Ohio bill would help some workers circumvent the 'benefits cliff'
Columbus Daily Reporter (OH)
Legislation introduced last week would transform what's known as a benefits cliff into a bridge to prosperity and self-reliance for many of the state's working poor as they seek to improve their economic circumstances, according to the bill's sponsors.
The measure, House Bill 410, calls for creation of a three-year pilot program in which participants would be provided stipends to cover either the costs of health insurance premiums or child care. The Ohio Department of Job and Family Services would be charged with administering the program.
"Working parents often have to choose what is best for their families in terms of income and, given their knowledge of their finances, may decide to forego a pay raise or promotion to maintain benefits that put them further ahead," said Rep. Dontavius Jarrells, a Columbus Democrat and joint sponsor of the bill. "A study by the Ohio Chamber of Commerce Research Foundation estimated that 1 in 5 businesses experienced issues with hiring, promoting, or increasing wages because employees were worried extra income would result in drops in public assistance."
During the Families, Aging and Human Services Committee hearing at the Ohio House of Representatives, Jarrells detailed the circumstances of a northwest Ohio woman and mother of two school-aged children.
The woman worked a retail job, earning $11.50 an hour, and received food assistance, Medicaid and support for child care, he said. When the woman was offered a promotion and a pay increase of $3 per hour, she realized she would lose the assistance and have to pay a co-payment for child care.
Perhaps more importantly, Jarrells noted, the woman would be able to contribute only $70 a month to savings, as opposed to $192 each month before the promotion.
The lawmaker identified the woman's predicament as the benefits cliff — the point at which the value of public benefits is greater than a pay increase.
The bill's other joint sponsor, Rep. Gary Click, R-Vickery, characterized the circumstance as "one of the great tragedies in our current economic climate.

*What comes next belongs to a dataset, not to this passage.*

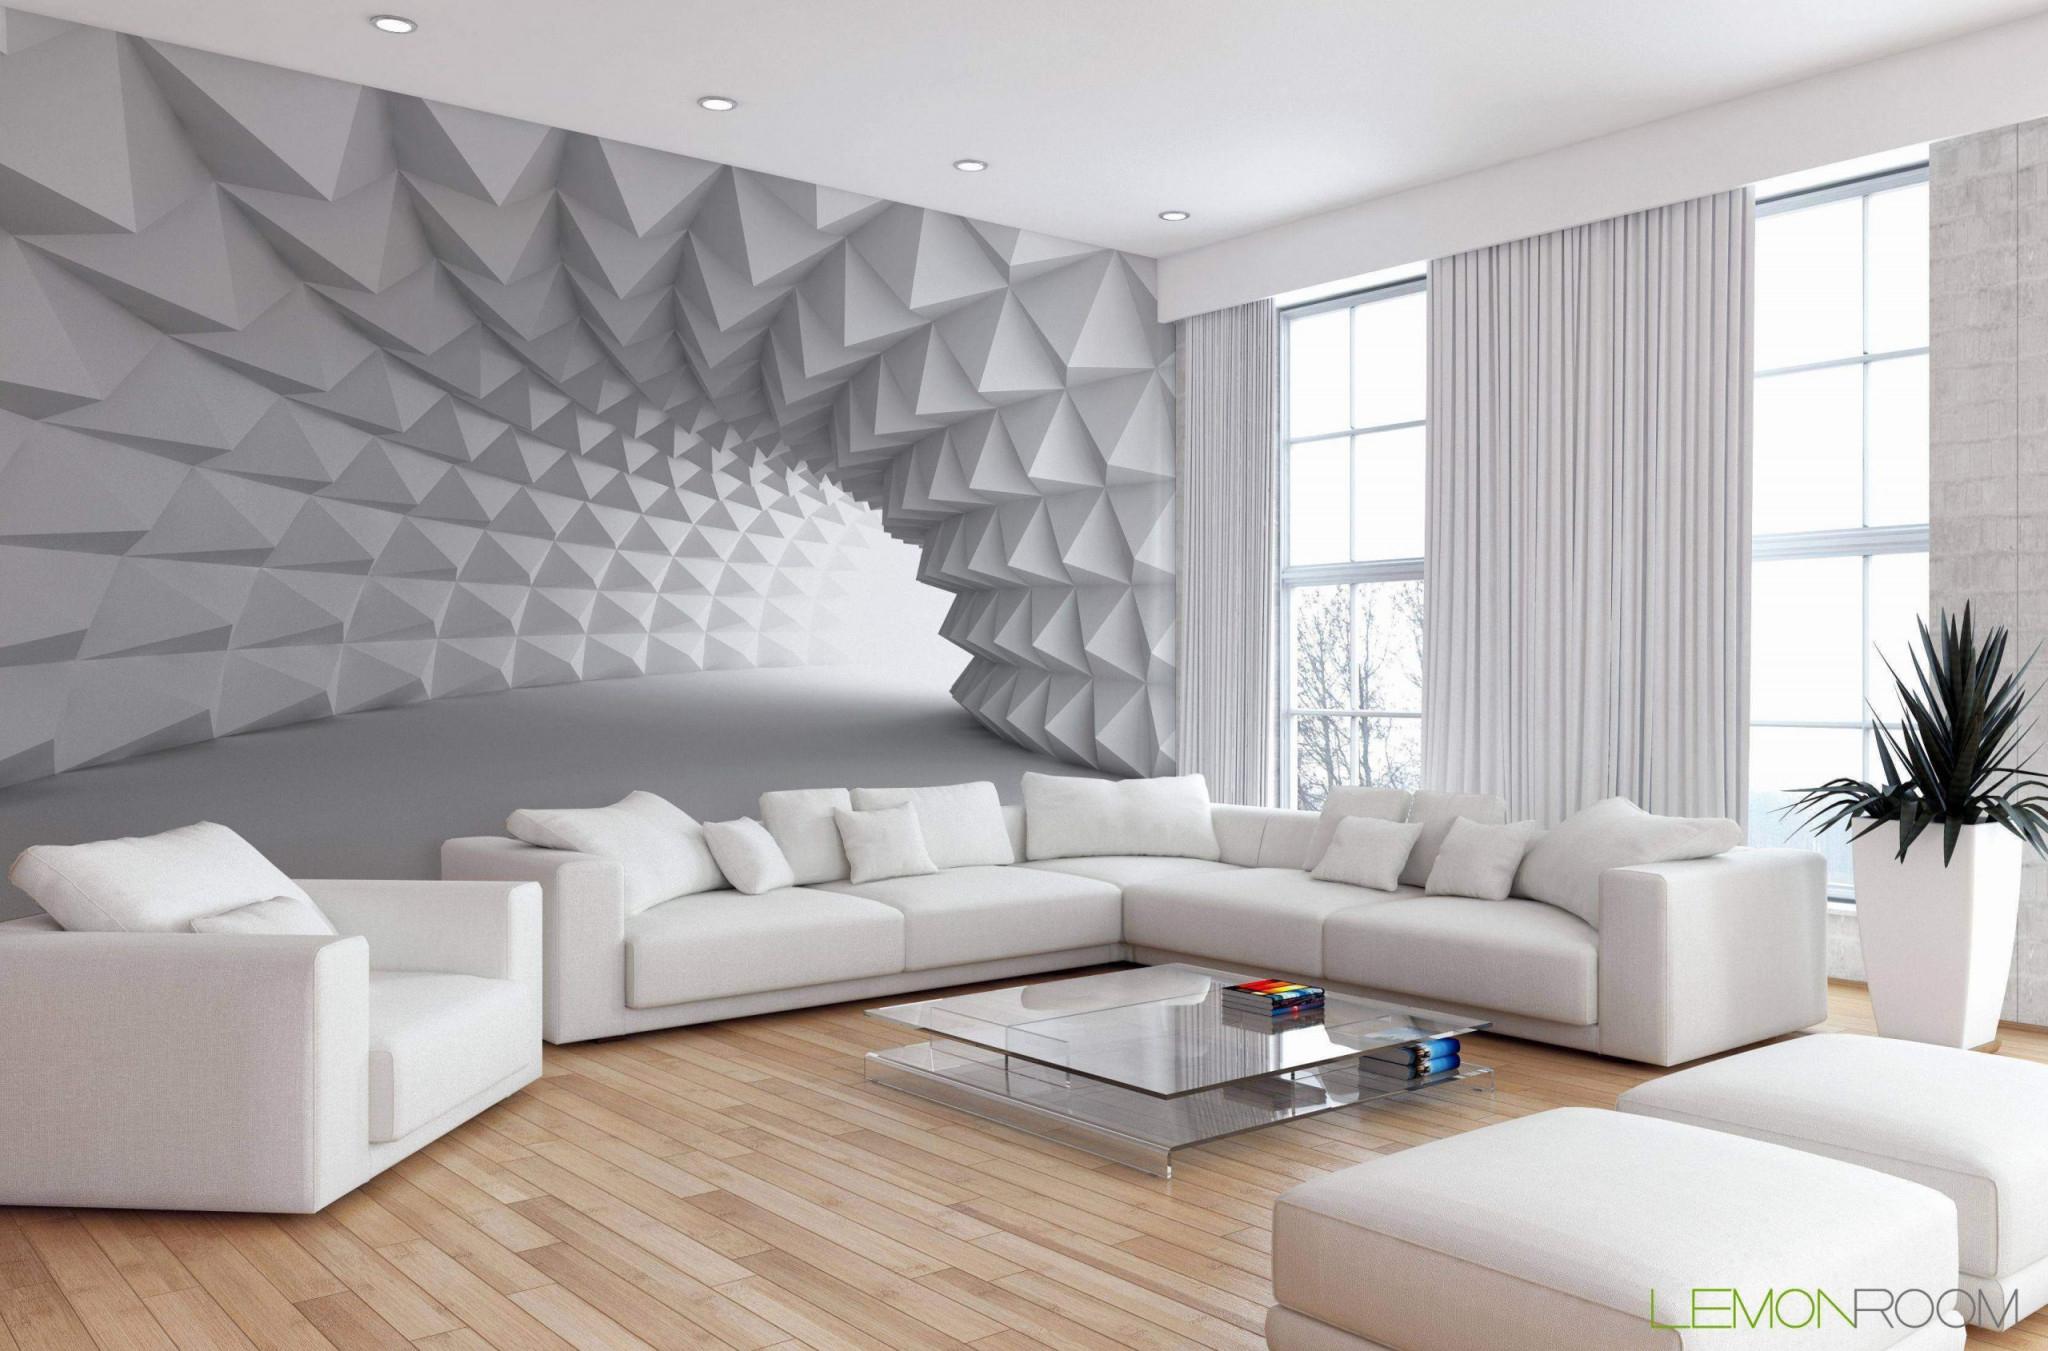 Wohnzimmer Tapezieren Ideen Luxus Tapete Wohnzimmer Ideen von Tapezier Ideen Wohnzimmer Photo

"Not only do we have people who find it difficult to take a job, we also have working poor who are forced to limit the number of hours they work and required to refuse raises and promotions. Earning just $10 too much will disqualify them from certain benefits," Click said. "By showing initiative, working longer and harder and meeting their employer's needs, they suffer loss."
He added that the practice penalizes productivity.

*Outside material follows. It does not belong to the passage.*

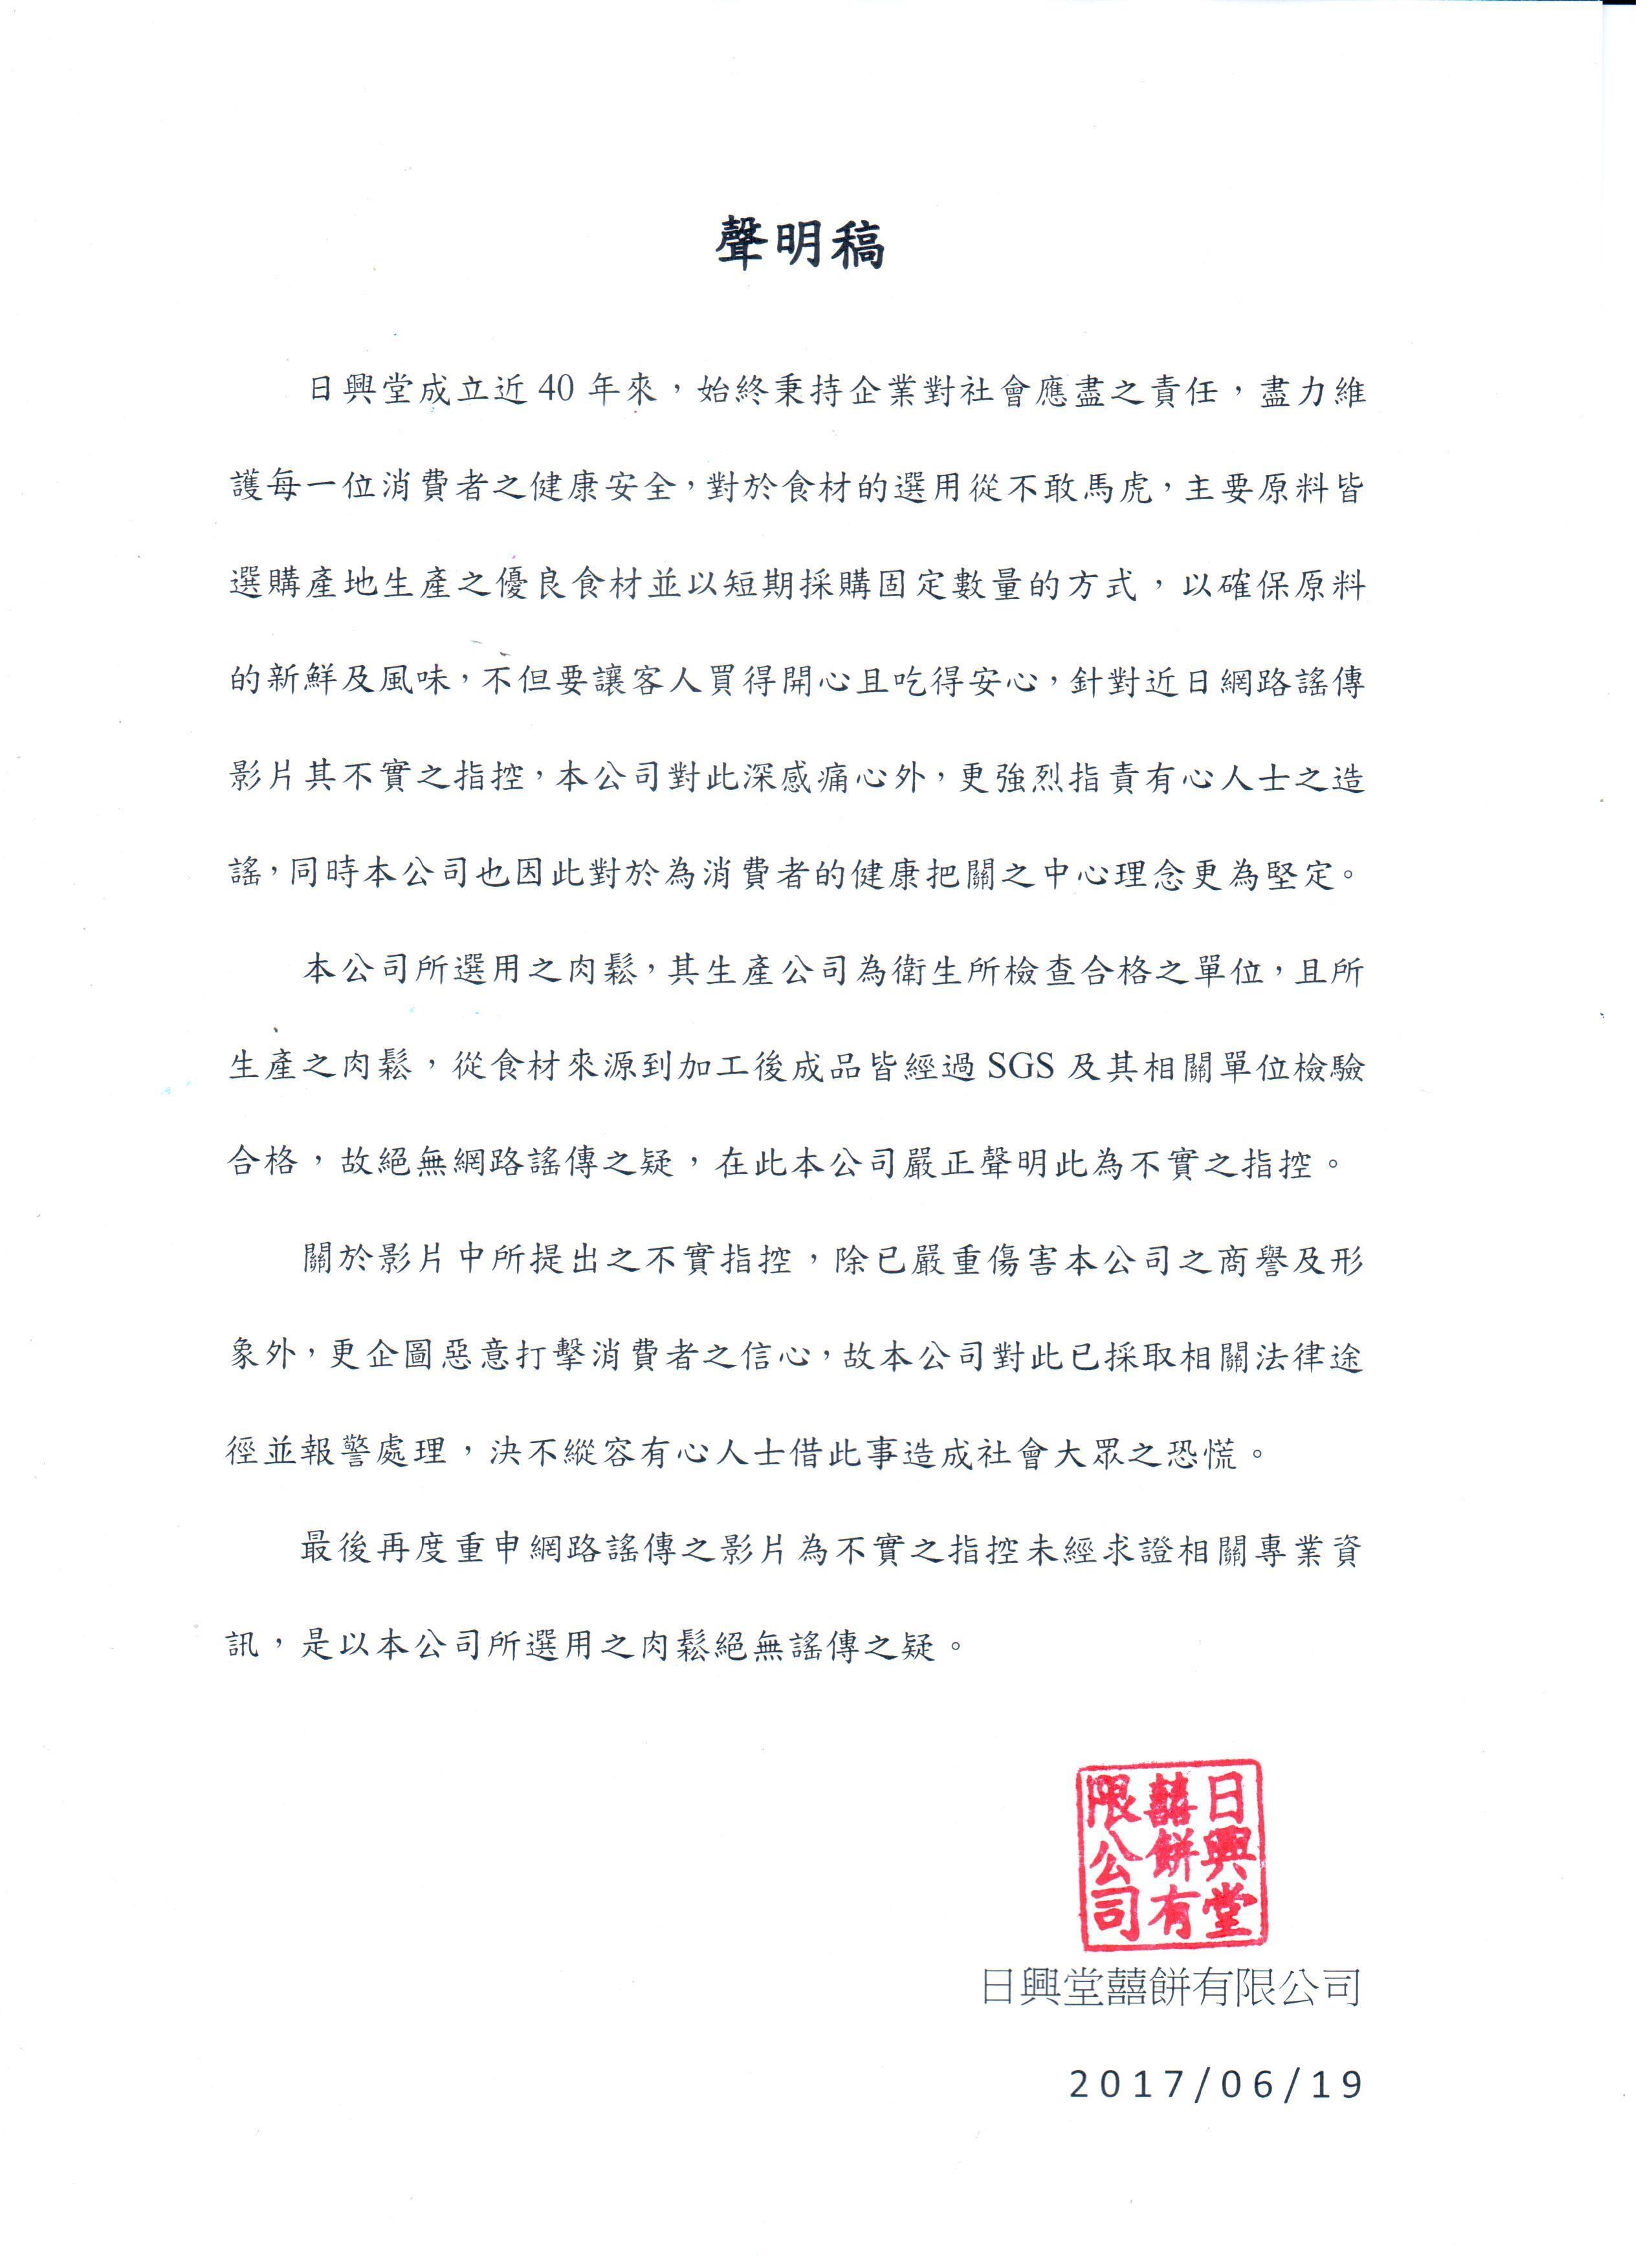 日興堂喜餅聲明稿。(圖/翻攝自日興堂官網)

"As a result, many never take that next step, which will lead to another and another until they can reach that point of complete independence while simultaneously meeting the needs of the workforce," Click said.
In addition to providing stipends to program participants, Job and Family Services would provide subsidies to participating employers for employing program participants, according to a summary of the legislation.
Additionally, the program would develop in partnership with InnovateOhio, a digital application to assist with its administration and operation.
HB 410 includes appropriations of $10 million to ODJFS for each of the next two fiscal years.
"Work provides the best opportunities for individuals to get out of poverty," said Ohio Department of Job and Family Services Directors' Association Executive Director Joel Potts. "Increased wages mean less dependency on government programs and better opportunities for Ohioans. Increases in income lead to more reliable transportation, safer and more stable housing, and better educational opportunities for individuals and families."
Potts said the program would establish performance reviews to follow participants during and post-benefit bridge participation to determine which ideas are the most effective and provide the best opportunity to achieve the goals of the program.